My paper will explore the ways in which members of the German immigrant community in Brazil (specifically Rio Grande do Sul) attempting to use the supposed connection between industriousness and Germanness ( Deutschtum ), already popular among German nationalist thinkers in Europe, to create a distinct ethnic identity within the slave-holding society of their new Brazilian homeland. I will focus especially on how Teuto-Brazilian journalists between 1860 and 1888 presented the institution of slavery as existing mainly outside of the German settler community, thus making it a primary means of distinguishing Teuto-Brazilians from other groups within Brazil.  

Throughout the period of the Brazilian Empire, the Brazilian central and provincial governments actively sought to promote European immigration to their country. Among their many motives, racial concerns regarding the alleged nature of Afro-Brazilians as inferior laborers were central. Furthermore, leaders in Rio Grande do Sul especially wanted to create an agricultural economy based on small-holding to offset the nation’s economic dependence on the plantation system.
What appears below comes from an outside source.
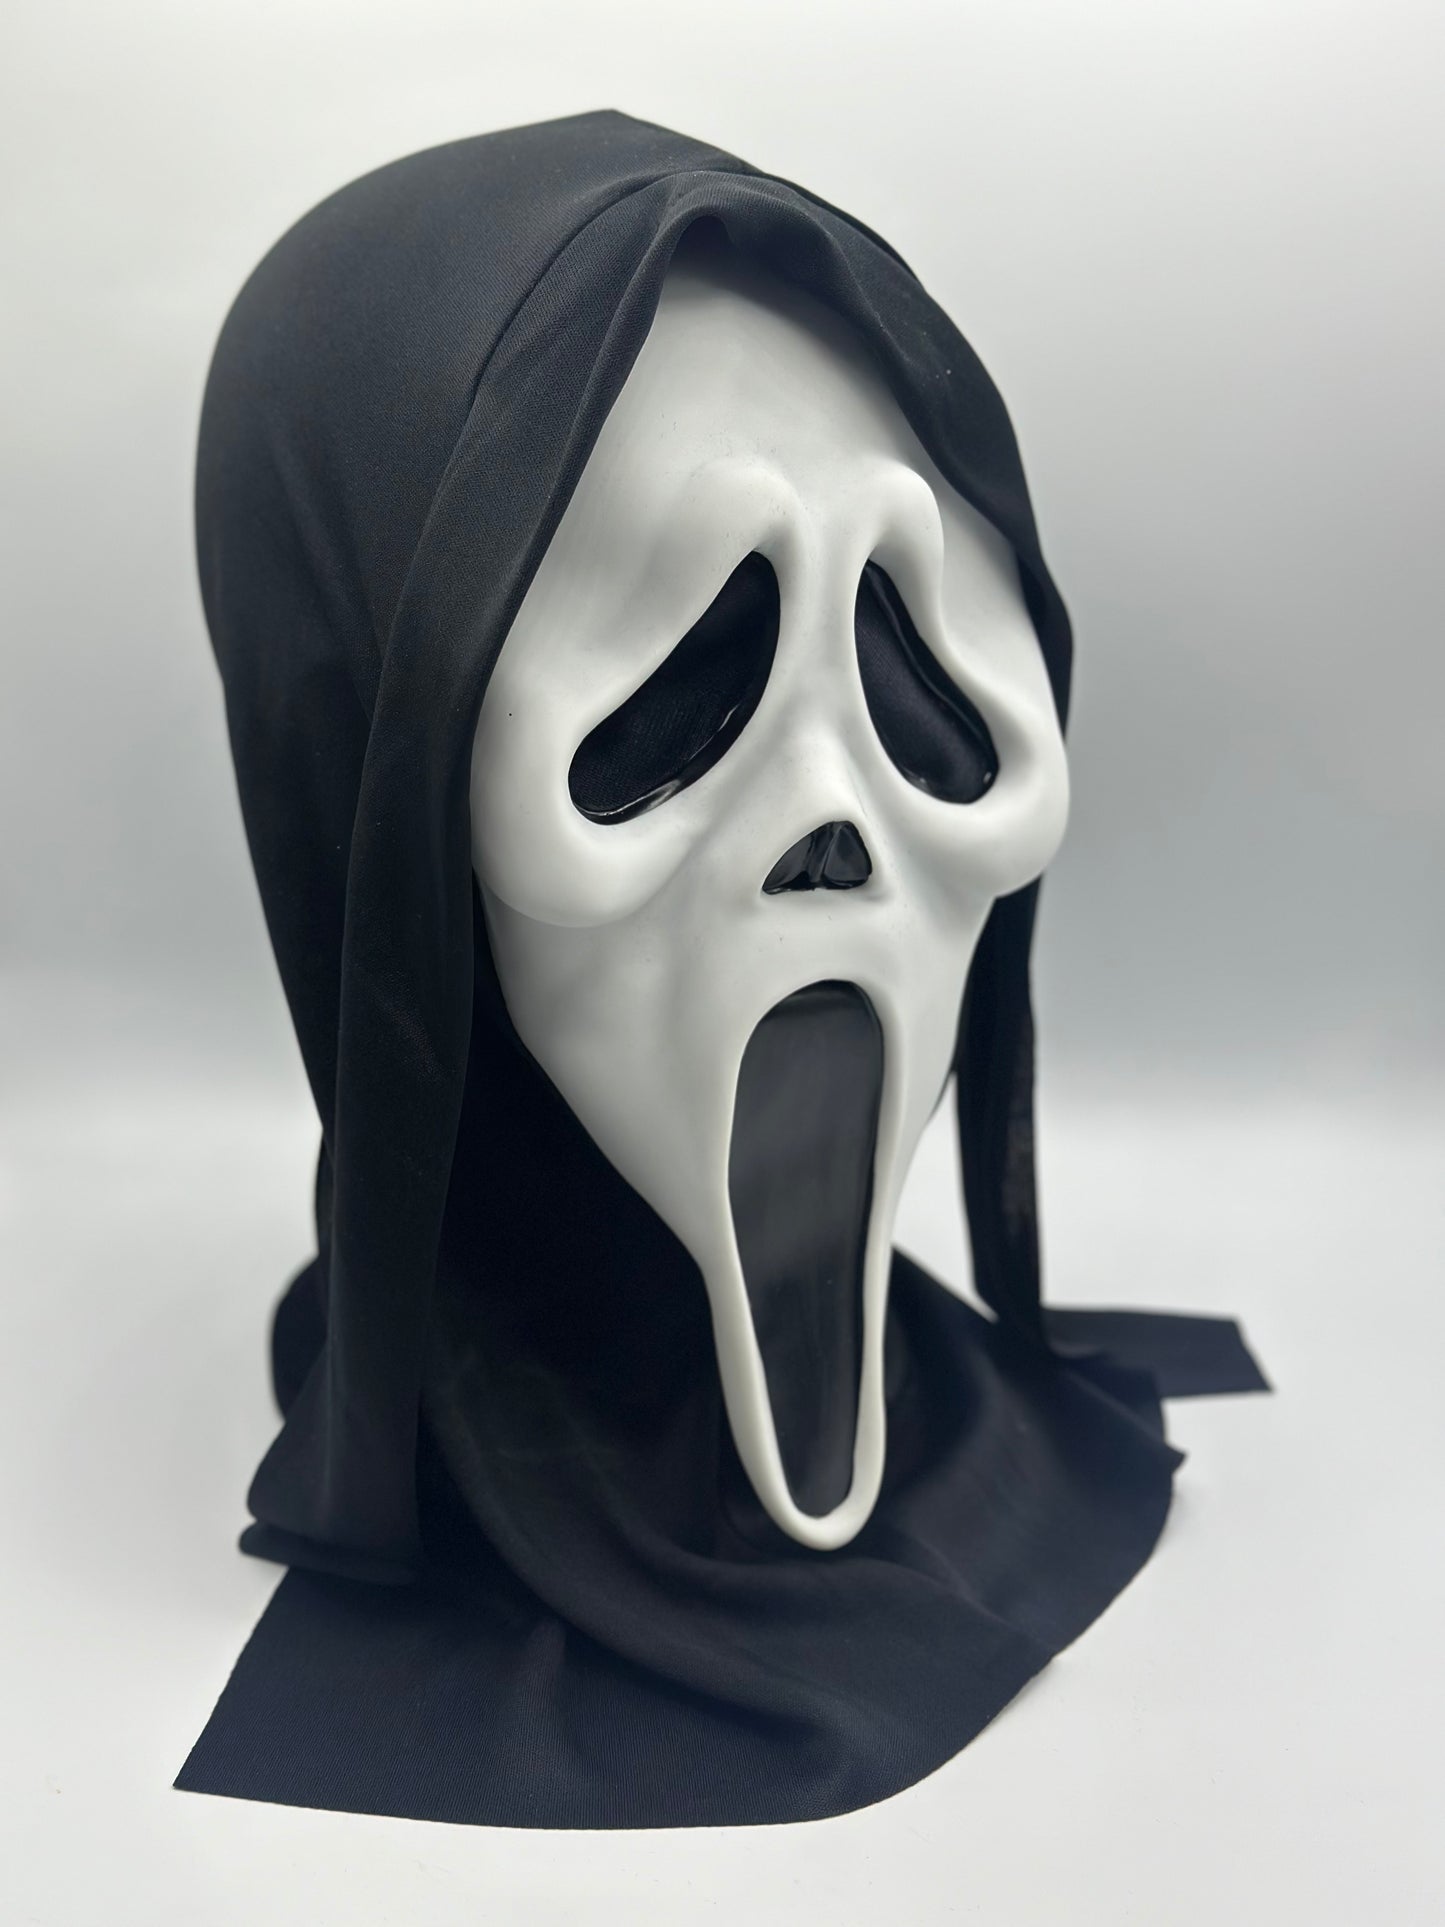 Scream-Maske, Ghostface-Maske aus dem Scream-Film

Cited for their “love of work” and talent for farming, German immigrants appeared to be the ideal candidates to resolve both of these issues, and by 1900, Teuto-Brazilians represented over 13% of Rio Grande do Sul’s population. The supposedly superior quantity and quality of “German work” was at the core of their appeal as colonists.  

This belief in the diligent nature of the German people was also fundamental to perceptions of identity among German liberal nationalists in Europe. A group of these nationalists immigrated to Brazil in 1851, some of whom would become the predominant voices in Rio Grande do Sul’s German-language public sphere that arose in the 1860s. These leading Teuto-Brazilian journalists attempted to use the image of the industrious German to create simultaneously a discrete ethnic identity and assert the superiority of that identity within a Brazilian society permeated by slavery. My paper will thus investigate how the image of the hardworking German was transnationally mutable and juxtaposed by Teuto-Brazilian writers with that of the slave-owning Brazilian, thus playing a pivotal role in identity formation in southern Brazil.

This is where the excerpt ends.